On Friday, 26 November 1999 Sleipner left Haugesund at 18.50 on course for Bergen. Across the open sea at Sletta, the boat experienced strong winds from the south-west. At 19.08 the boat crashed into the rock called Store Bloksen. Immediately after the crash, Sleipner notified the authorities of the accident via Rogaland Radio (RR) which was relayed to the Hovedredningssentralen (Joint Rescue Coordination Centre of Southern Norway), stating that Sleipner had hit the rocks near the Ryvarden Lighthouse.

Recognizing the possible consequences of the accident, the JRCC declared a Mayday situation, something the Sleipner crew had not done. All ships within a 30–45-minute radius of the accident were asked to assist in the rescue operation, and about half an hour after Sleipner sank. Approximately 10–12 boats were providing assistance.

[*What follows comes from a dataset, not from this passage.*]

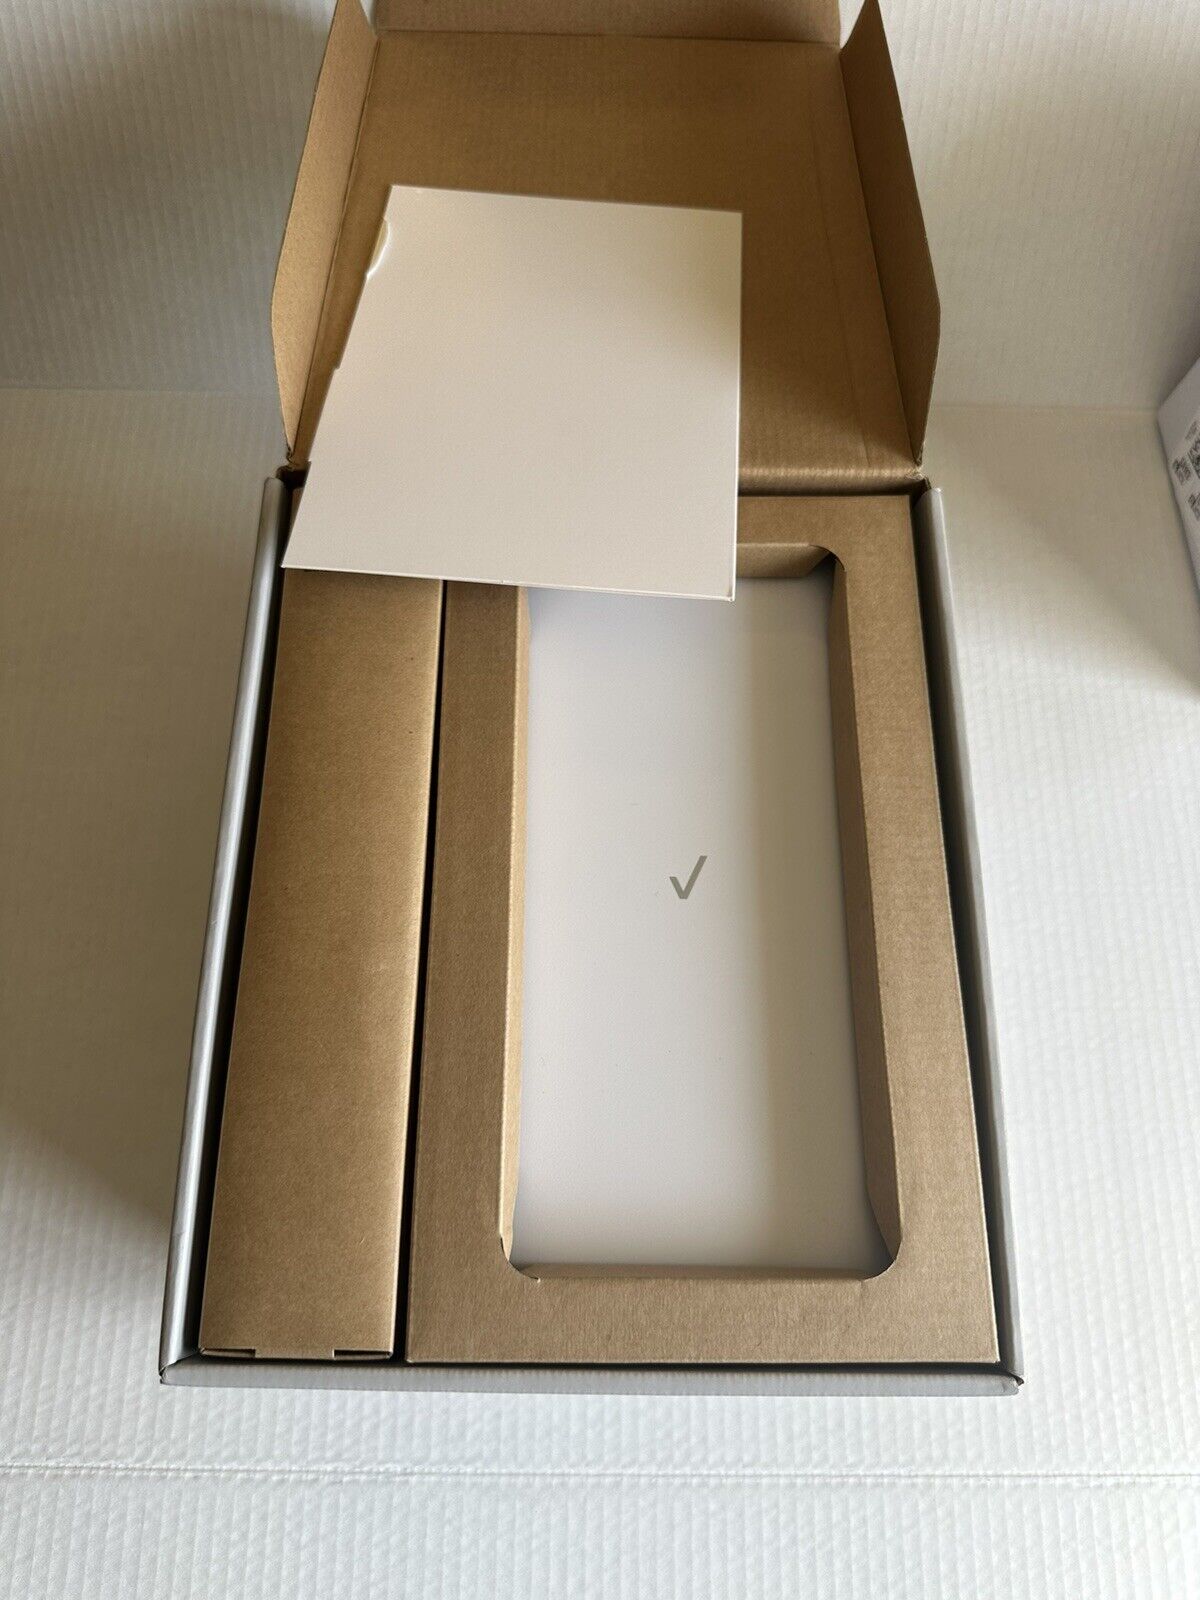 Verizon CR1000A 1000 Mbps 3 Port Wireless Router - White ( Open Box)

Of the 85 people on board, 69 were saved. Afterwards the bodies of the remaining 16 people were recovered and identified. This made it the most severe accident with passenger ferries in the recent history of Norway.

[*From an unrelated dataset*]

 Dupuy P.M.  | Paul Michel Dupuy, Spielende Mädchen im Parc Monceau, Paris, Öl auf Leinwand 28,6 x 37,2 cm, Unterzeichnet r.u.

=== Investigation and aftermath ===
The investigation following the disaster revealed that the accident and its magnitude was caused by a number of factors:
- The initial cause of the accident was a navigational error as the boat was approximately 400 meters off course. The boat had started service only a few months before, and the crew was not yet fully acquainted with its equipment, most notably its radar system. It was established that the crew had focused too much on the radar and not on visual inspection.
- At the time of the accident, the waves were higher than the boat was certified for. The ferry company had not completed a hard-weather test for Sleipner, and the Norwegian Maritime Authority therefore gave the boat a temporary permit with a maximum significant wave height of one meter. The authorities and the ferry company, however, failed to ensure that the ferry only sailed within this limit. On the evening of the accident, the wave height at the accident site was 2.3 meters.
- Austal Ships had deviated from the original blueprints. Instead of installing one communication device in each of the two hulls, both the main and back-up system were installed on one side. As it was this side that hit the rock, most of the electrical circuits went off-line shortly after the accident.
- Only one of the life rafts was deployed, and this one floated away before passengers could board. Again the inexperience of the crew with the new boat was the cause of this, having only practised emergency procedures during fair weather. The investigating commission also criticized the safety and life raft system for being flawed and too complicated. The checklist for deploying the life rafts included a total of 24 steps, and all passengers were supposed to be evacuated through the entry hall, which the commission found to be too small in an emergency situation.
- The life vests had serious flaws. They were donned by putting the head through an opening and then tightening the sides. However, upon entering the water, the life vests slipped off over the passengers' head. The life vests had been approved by British authorities and accepted in Norway, although it was only after the accident discovered that they failed to comply with regulations. As a consequence of the investigation, all life vests on Norwegian passenger ferries were changed to a model that includes an extra strap that needs to be passed between the passengers' legs.

The captain of the ship, Sverre Johan Hagland, was sentenced to 6 months' imprisonment.